### [Material to process]
....
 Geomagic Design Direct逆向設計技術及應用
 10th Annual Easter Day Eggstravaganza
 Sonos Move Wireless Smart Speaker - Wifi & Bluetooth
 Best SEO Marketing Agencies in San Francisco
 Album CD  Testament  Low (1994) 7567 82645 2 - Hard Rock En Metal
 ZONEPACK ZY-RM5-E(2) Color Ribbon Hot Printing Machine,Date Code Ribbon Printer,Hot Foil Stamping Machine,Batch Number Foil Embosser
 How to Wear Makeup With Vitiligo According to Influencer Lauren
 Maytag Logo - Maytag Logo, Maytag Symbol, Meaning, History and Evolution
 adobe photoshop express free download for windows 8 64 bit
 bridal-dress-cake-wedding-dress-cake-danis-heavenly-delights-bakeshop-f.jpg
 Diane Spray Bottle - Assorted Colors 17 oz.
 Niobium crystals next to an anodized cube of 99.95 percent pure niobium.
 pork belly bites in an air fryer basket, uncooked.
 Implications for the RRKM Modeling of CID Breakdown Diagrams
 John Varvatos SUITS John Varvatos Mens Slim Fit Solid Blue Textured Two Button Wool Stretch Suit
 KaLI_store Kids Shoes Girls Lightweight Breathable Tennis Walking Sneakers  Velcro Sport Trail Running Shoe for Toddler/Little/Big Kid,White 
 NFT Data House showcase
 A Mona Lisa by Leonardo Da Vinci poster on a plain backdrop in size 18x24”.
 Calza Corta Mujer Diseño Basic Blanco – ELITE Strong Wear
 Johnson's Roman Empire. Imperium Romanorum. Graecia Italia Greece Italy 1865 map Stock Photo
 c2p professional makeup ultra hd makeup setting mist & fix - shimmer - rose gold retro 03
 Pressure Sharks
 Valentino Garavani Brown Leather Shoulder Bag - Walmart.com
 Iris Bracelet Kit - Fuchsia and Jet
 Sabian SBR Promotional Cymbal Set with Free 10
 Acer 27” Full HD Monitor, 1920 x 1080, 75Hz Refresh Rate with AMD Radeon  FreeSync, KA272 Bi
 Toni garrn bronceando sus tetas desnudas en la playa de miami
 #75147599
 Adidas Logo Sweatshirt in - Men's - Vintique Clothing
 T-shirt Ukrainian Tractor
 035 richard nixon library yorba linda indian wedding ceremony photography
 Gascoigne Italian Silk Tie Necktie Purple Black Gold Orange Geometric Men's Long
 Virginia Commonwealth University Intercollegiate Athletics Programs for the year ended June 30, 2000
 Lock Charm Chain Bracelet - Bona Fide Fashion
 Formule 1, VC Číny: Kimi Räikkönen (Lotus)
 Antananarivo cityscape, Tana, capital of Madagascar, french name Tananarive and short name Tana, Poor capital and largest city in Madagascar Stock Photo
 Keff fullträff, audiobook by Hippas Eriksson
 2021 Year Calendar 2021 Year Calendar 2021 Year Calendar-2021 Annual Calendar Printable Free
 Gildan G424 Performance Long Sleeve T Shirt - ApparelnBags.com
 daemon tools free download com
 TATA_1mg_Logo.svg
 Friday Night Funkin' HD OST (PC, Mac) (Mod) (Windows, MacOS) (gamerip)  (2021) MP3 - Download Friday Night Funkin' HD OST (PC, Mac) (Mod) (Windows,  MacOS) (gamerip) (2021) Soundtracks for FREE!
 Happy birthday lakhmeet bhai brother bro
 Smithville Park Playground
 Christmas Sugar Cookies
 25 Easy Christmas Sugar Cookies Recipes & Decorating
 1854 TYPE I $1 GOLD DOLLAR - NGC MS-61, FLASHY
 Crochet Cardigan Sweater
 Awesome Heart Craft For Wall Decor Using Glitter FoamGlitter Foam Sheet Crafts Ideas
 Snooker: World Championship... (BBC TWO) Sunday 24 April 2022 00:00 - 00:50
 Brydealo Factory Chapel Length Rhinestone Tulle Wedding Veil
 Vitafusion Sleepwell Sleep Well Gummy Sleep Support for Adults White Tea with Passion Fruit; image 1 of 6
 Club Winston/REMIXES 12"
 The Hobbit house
....
### [Exercise requirements]
From the records above, retype only the lines starting at the line that contains "Formule 1, VC Číny: Kimi Räikkönen (Lotus)" and ending at the line that contains "Keff fullträff, audiobook by Hippas Eriksson", both included.

### [Response for this exercise]
 Formule 1, VC Číny: Kimi Räikkönen (Lotus)
 Antananarivo cityscape, Tana, capital of Madagascar, french name Tananarive and short name Tana, Poor capital and largest city in Madagascar Stock Photo
 Keff fullträff, audiobook by Hippas Eriksson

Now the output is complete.